The reduction is needed for cost and efficiency reasons, Rumley, now a professor at the University of Neuchâtel argues, according to an online report from SRF, the German-language national broadcaster.

Boundaries of cantons are no longer consistent with the reality of a country where 75 percent of the population now lives in urban areas, Rumley argues.

He has drawn up a map of Switzerland showing nine cantons, including a united Basel as the smallest.

Others would include a merged canton of Geneva and Vaud (L’arc lémanique or Genferseebogen) and a new Alpine canton dubbed Alpenbogen that would join Valais and Graubünden.

Other cantons would include an enlarged versions of Bern, Lucerne, Zurich, St.

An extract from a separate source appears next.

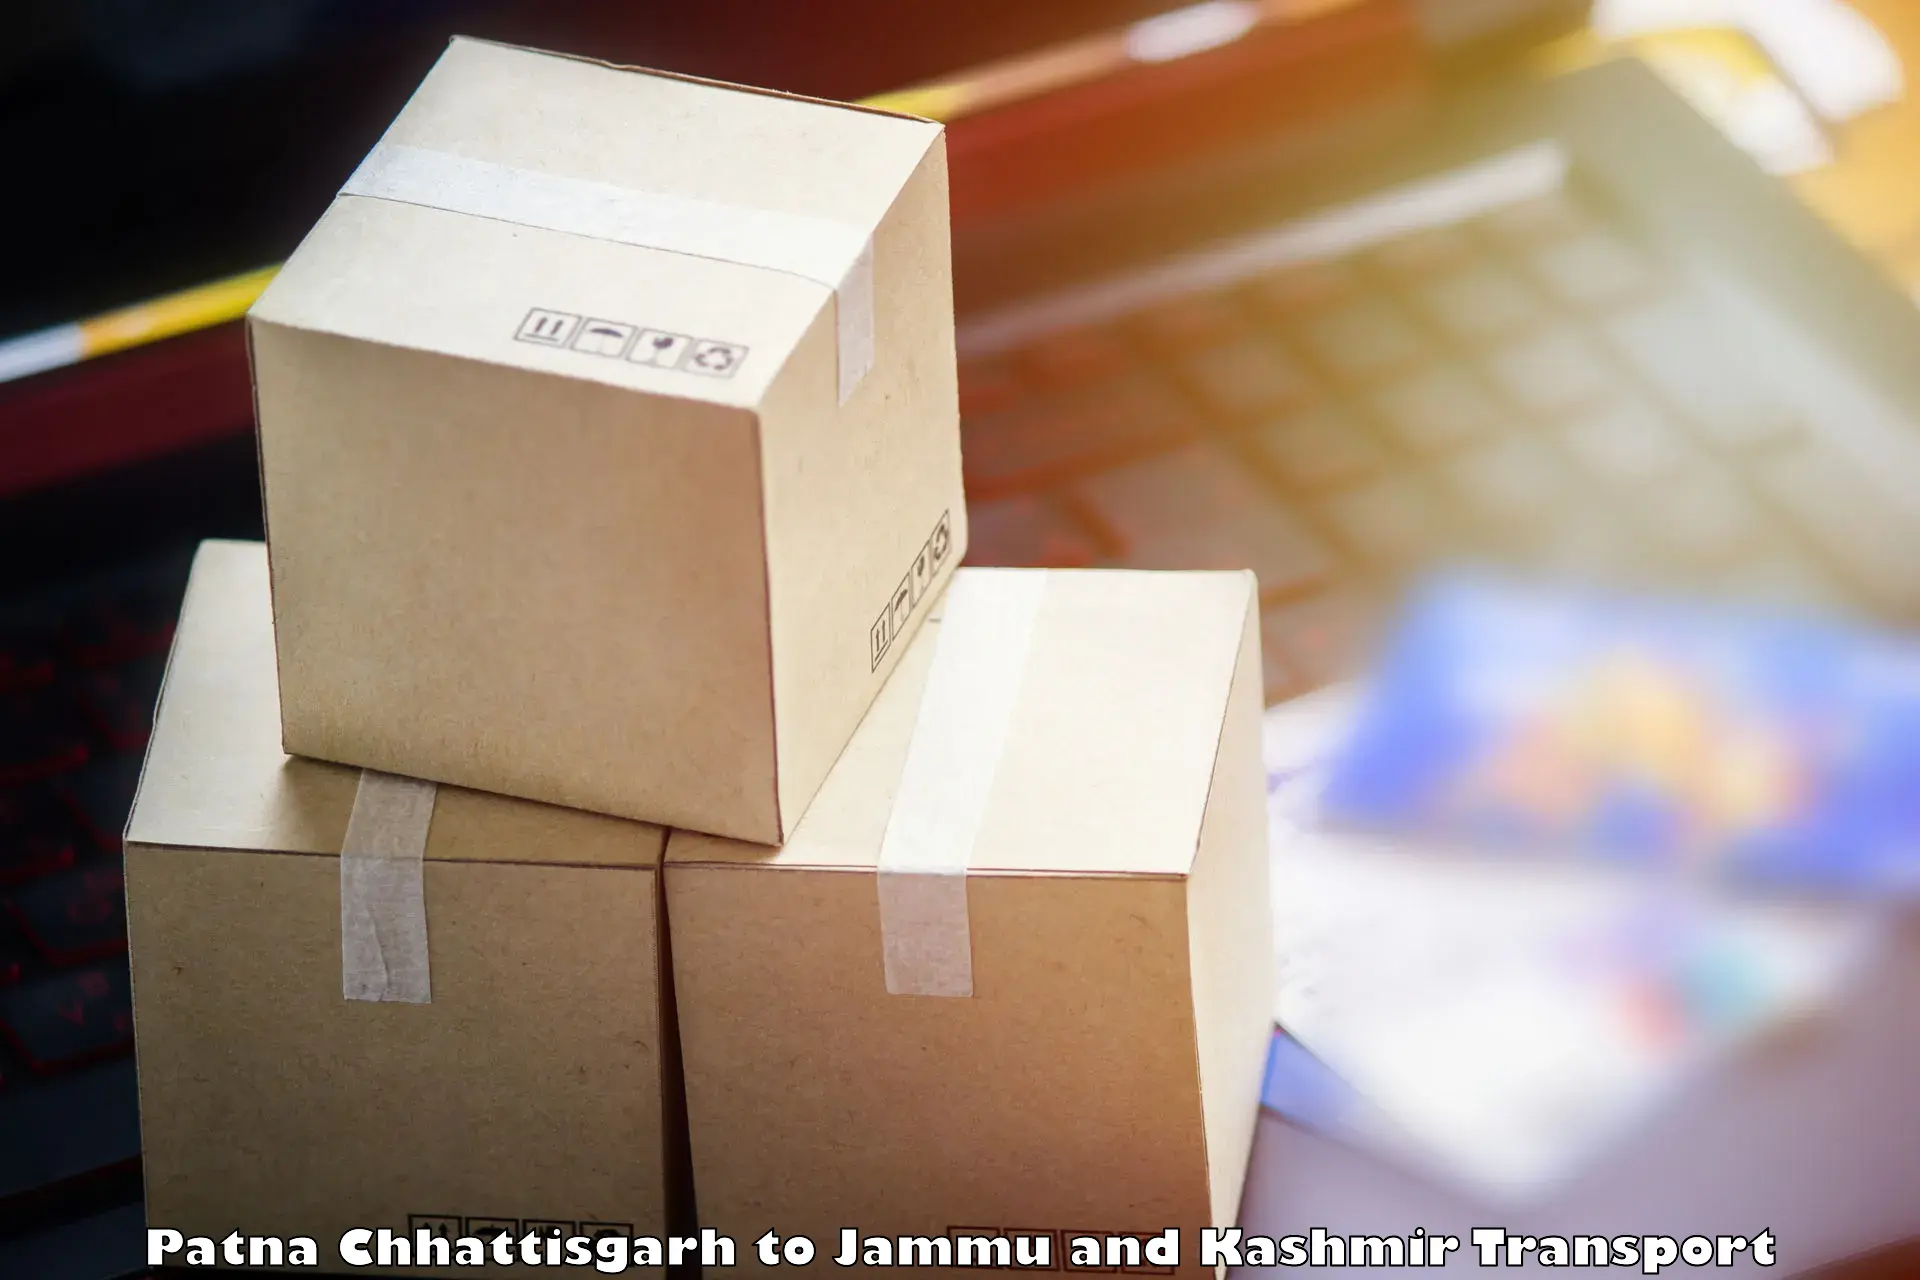 Daily parcel service transport Patna Chhattisgarh to Baramulla

Gallen and the Jura (including Neuchâtel), along with Ticino.

Nowadays “26 cantons are too much,” Rumley said.

Already there is “very intense” cooperation among the cantons, he noted.

Rumley said his proposal for nine cantons was just one of several possibilities.

But how receptive are citizens to such regional reforms?

Not very, if we are to judge from recent history.

In 2002, voters in Geneva and Vaud massively rejected a merger proposal, with around 80 percent voting no.

In 1969, citizens in Basel-Country turned down a bid to merge with Basel-City.

The new vote later this month will show whether sentiment has changed.